Another reason why I believe in group selection is that I have vivid memories of childhood in England. For a child in England, there are two special days in the year, Christmas and Guy Fawkes. Christmas is the festival of love and forgiveness. Guy Fawkes is the festival of hate and punishment. Guy Fawkes was the notorious traitor who tried to blow up the King and Parliament with gunpowder in 1605. He was gruesomely tortured before he was burnt. Children celebrate his demise with big bonfires and fireworks. They look forward to Guy Fawkes more than to Christmas. Christmas is boring but Guy Fawkes is fun. Humans are born with genes that reward us with intense pleasure when we punish traitors. Punishing traitors is the group’s way of enforcing cooperation. We evolved cooperation by evolving a congenital delight in punishing sinners. The Prisoner’s Dilemma did not have much to do with it.
That’s just insane. Yes, of course we want “traitors” punished—not just political ones but those who betray us, our family, and our social norms. And I think some of that feeling—if not most of it—comes from evolution. But how does that implicate group rather than individual selection? After all, research shows that people are much more likely to want retribution against “traitors” who harm them or their families rather than those who harm society at large.

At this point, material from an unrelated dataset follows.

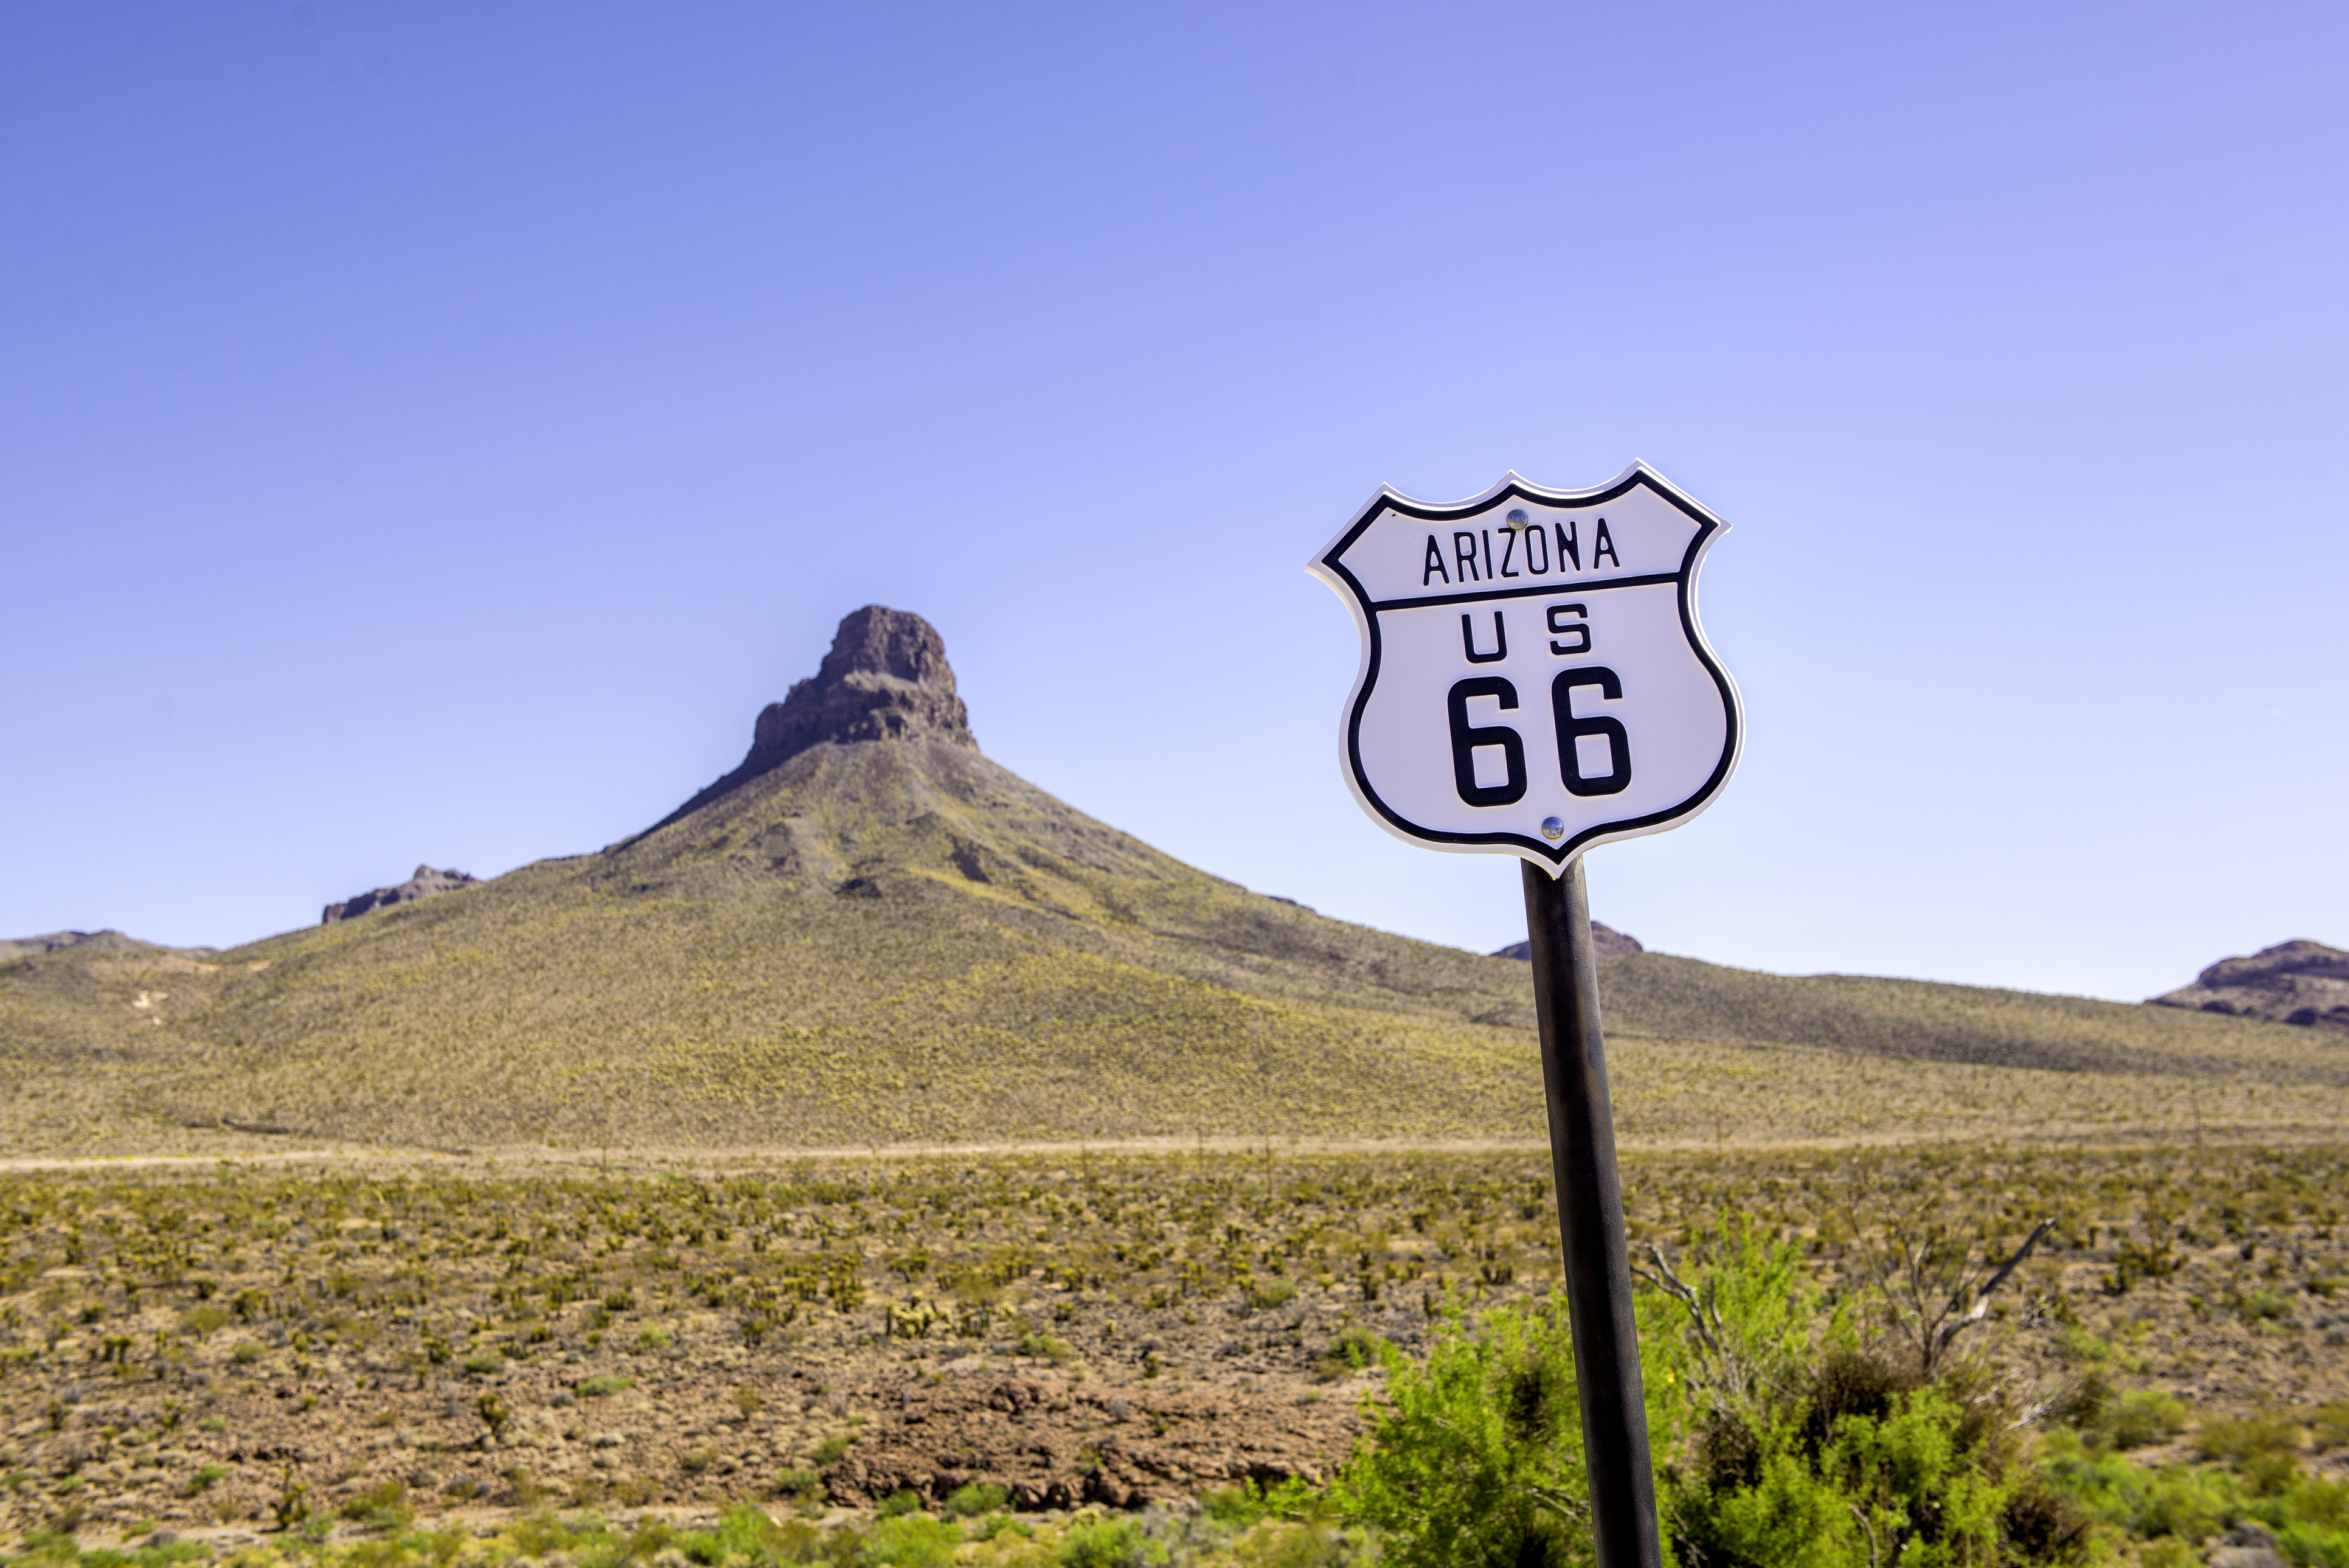 US Route 66 sign in Arizona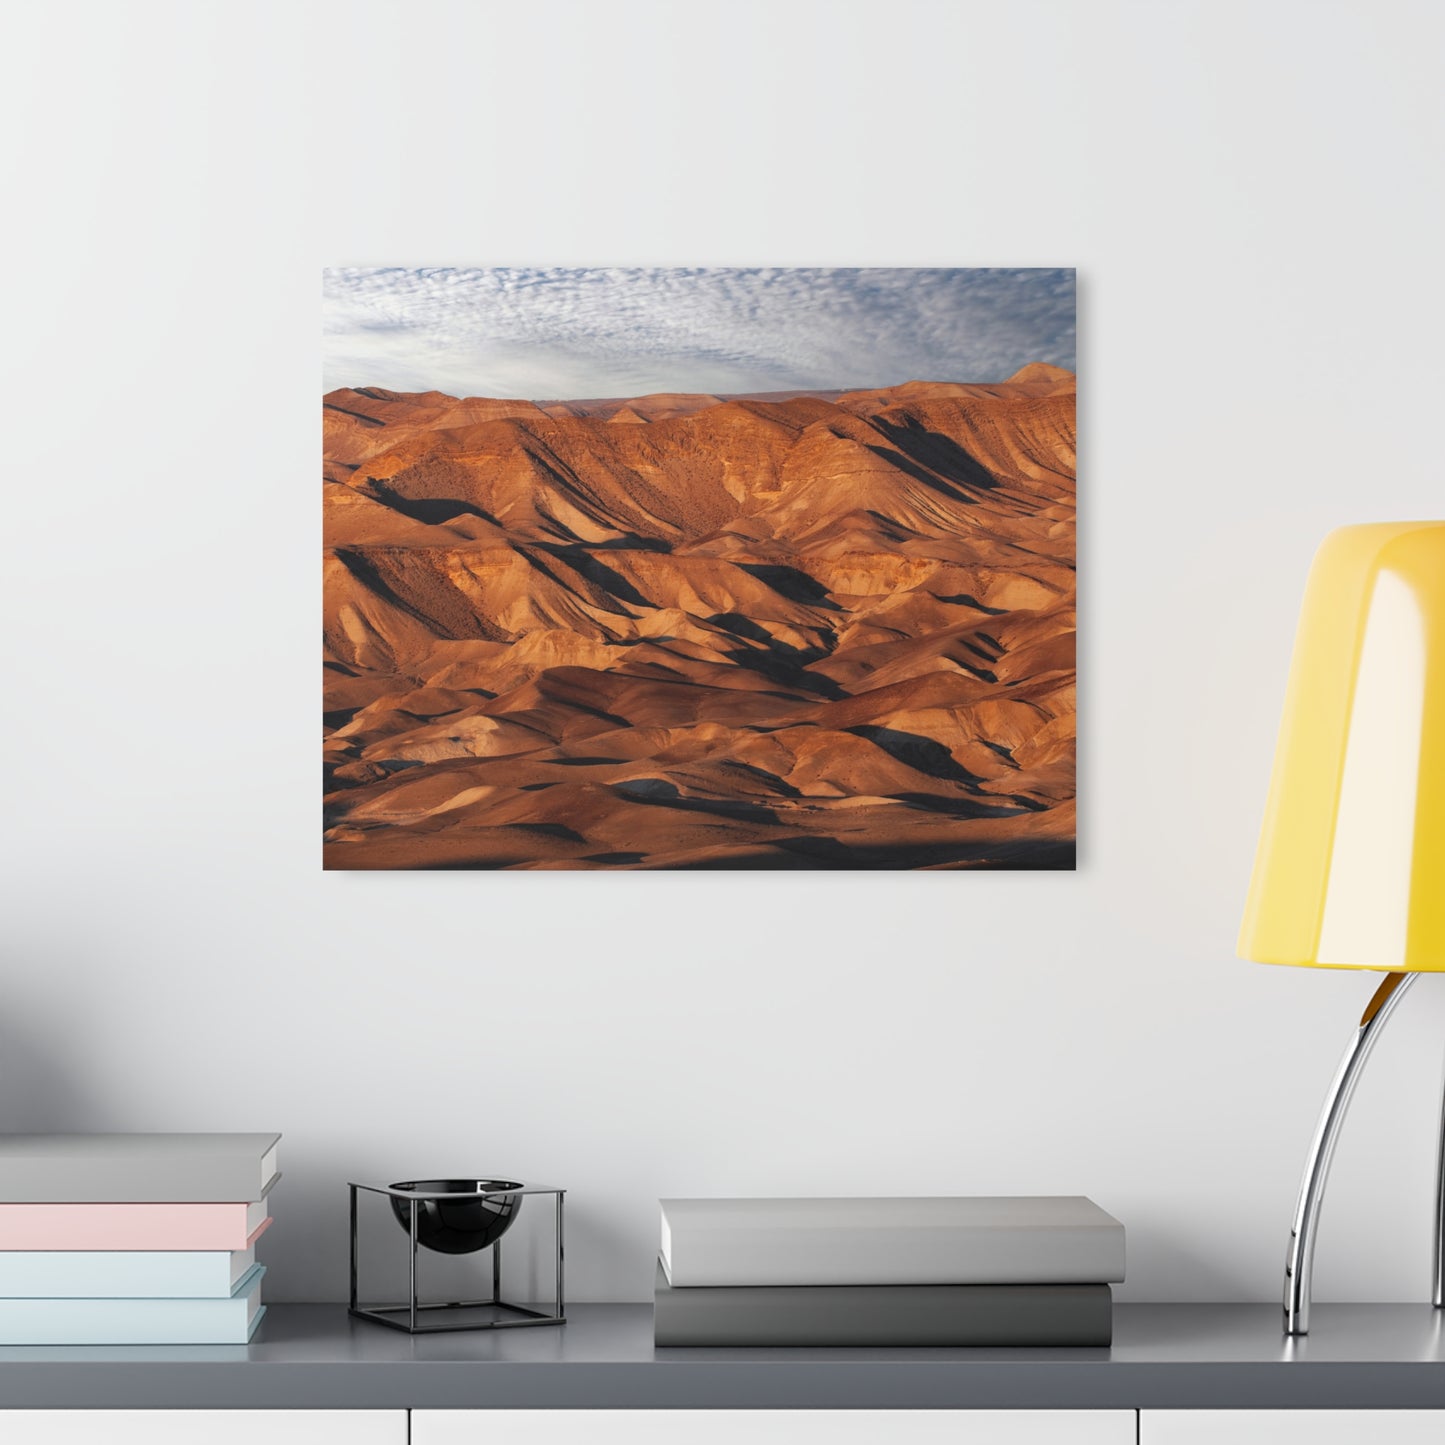 Judean Desert Sunrise by Yehoshua Halevi Photograph - Glossy Acrylic Print (French Cleat Hanging)

That result is consonant with the evolution of retribution by individual selection (I count kin selection here), but not with group selection. Who would you feel more animus toward: someone who robs you or your children, or someone who robs an anonymous person in Peoria? The former, of course! If that feeling of “treason” evolved by group selection, there should be no difference in how you feel.
And pray tell us, Dr. Dyson, how can group selection rather than the “fashionable dogma” of individual selection explain things like mimicry, the blowholes of whales, or the fleetness of cheetahs. Did some populations of proto-whales go extinct because their blowholes weren’t high enough on their foreheads, so they all drowned?
I don’t like imputing this kind of mush-brained thinking to age: after all, plenty of old people are still sharp as a tack, and the Argument from Age is an ad hominem. Rather, I think Dyson has simply overreached himself here, in the same way he overreaches when he pronounces on God. At any rate, he needs a good chat with Richard Dawkins.